Bombthrowing in the Fine American Tradition of Political Cartooning

by Bill Sanders

Pub Date: June 1st, 2018
ISBN: 978-1-58838-294-8
Publisher: NewSouth

A political cartoonist shares his work and memories of his career while lamenting the current state of journalism and politics.

The tone of his writing suggests a genial man, but Sanders (b. 1930) spent an illustrious career wielding a sharp pen, angering segregationist-minded readers in the South during the civil rights struggles.

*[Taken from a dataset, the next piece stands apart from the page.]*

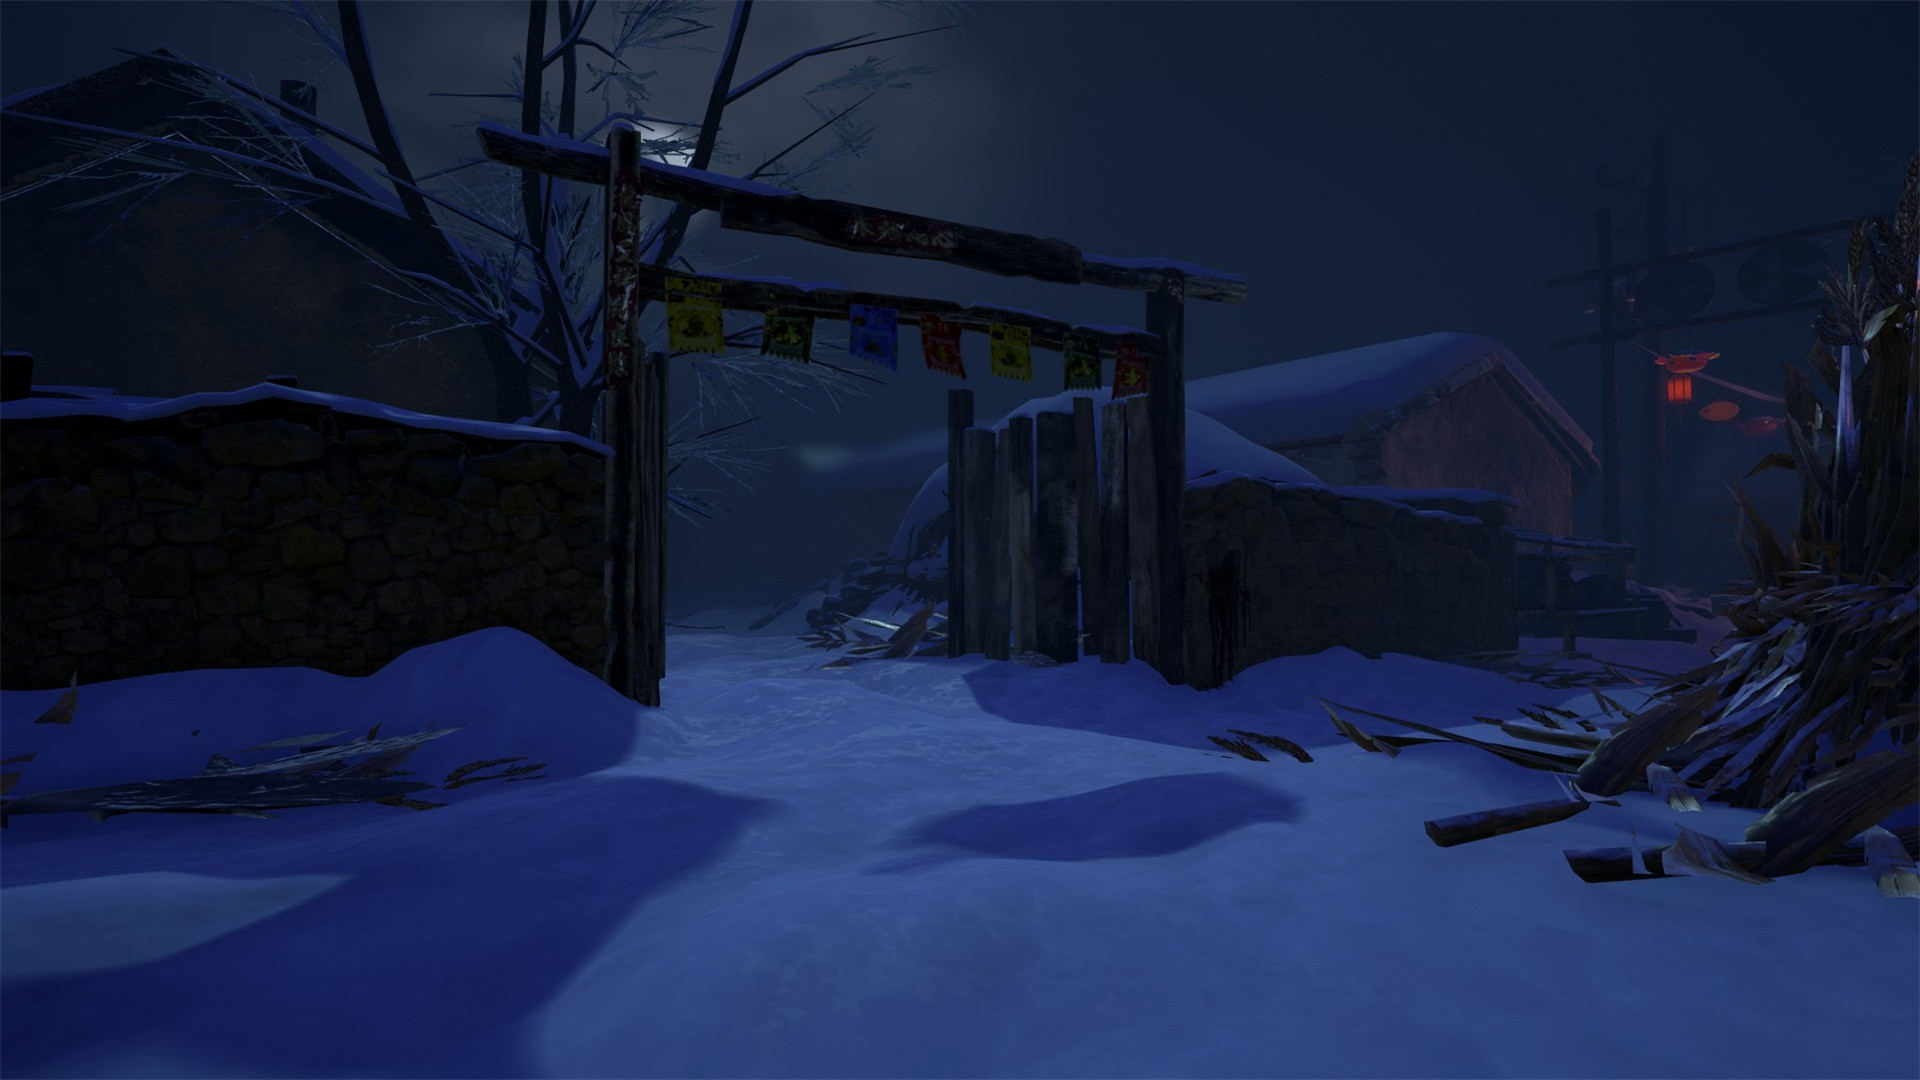 灵魂筹码 - 冰雪寒村 Soul at Stake - Frozen Village screenshot

In 1963, he began drawing for the Kansas City Star, where an editor told him, “we’ve had more letters to the editor in a month over your cartoons than we’ve had total in the last five years.” He also received anonymous, viciously racist letters that were “dripping with what in most cases was illiterate venom.” During the 1964 Barry Goldwater campaign for president, the local John Birch Society launched a campaign to get 10,000 subscribers to cancel their subscriptions to the otherwise conservative paper because of the cartoons. But Sanders made a fan in Harry Truman, who previously hadn’t seen much he liked in the Star, and the cartoonist also became a favorite of Presidents Kennedy and Johnson. Since his memoir is mainly professional—with some side trips into his obsession with traditional jazz as a fan and musician—it serves as an overview of the political currents that roiled the nation. His work has potently captured the tumult of the civil rights era, Vietnam War (where he made firsthand observations on a couple of tours), Watergate, and, most recently, what he considers the unfathomable election of Donald Trump. Yet his memory of the Reagan years is that it was almost as unconceivable that a glib actor of so little political accomplishment could be elected. Sanders retired from the Milwaukee Journal a quarter century ago but found himself recommitted to his calling as an internet blogger, one who has no dearth of material. Yet he acknowledges that “what is good for cartoonists is not necessarily good for the country.”

A solid encapsulation of a significant, occasionally controversial career.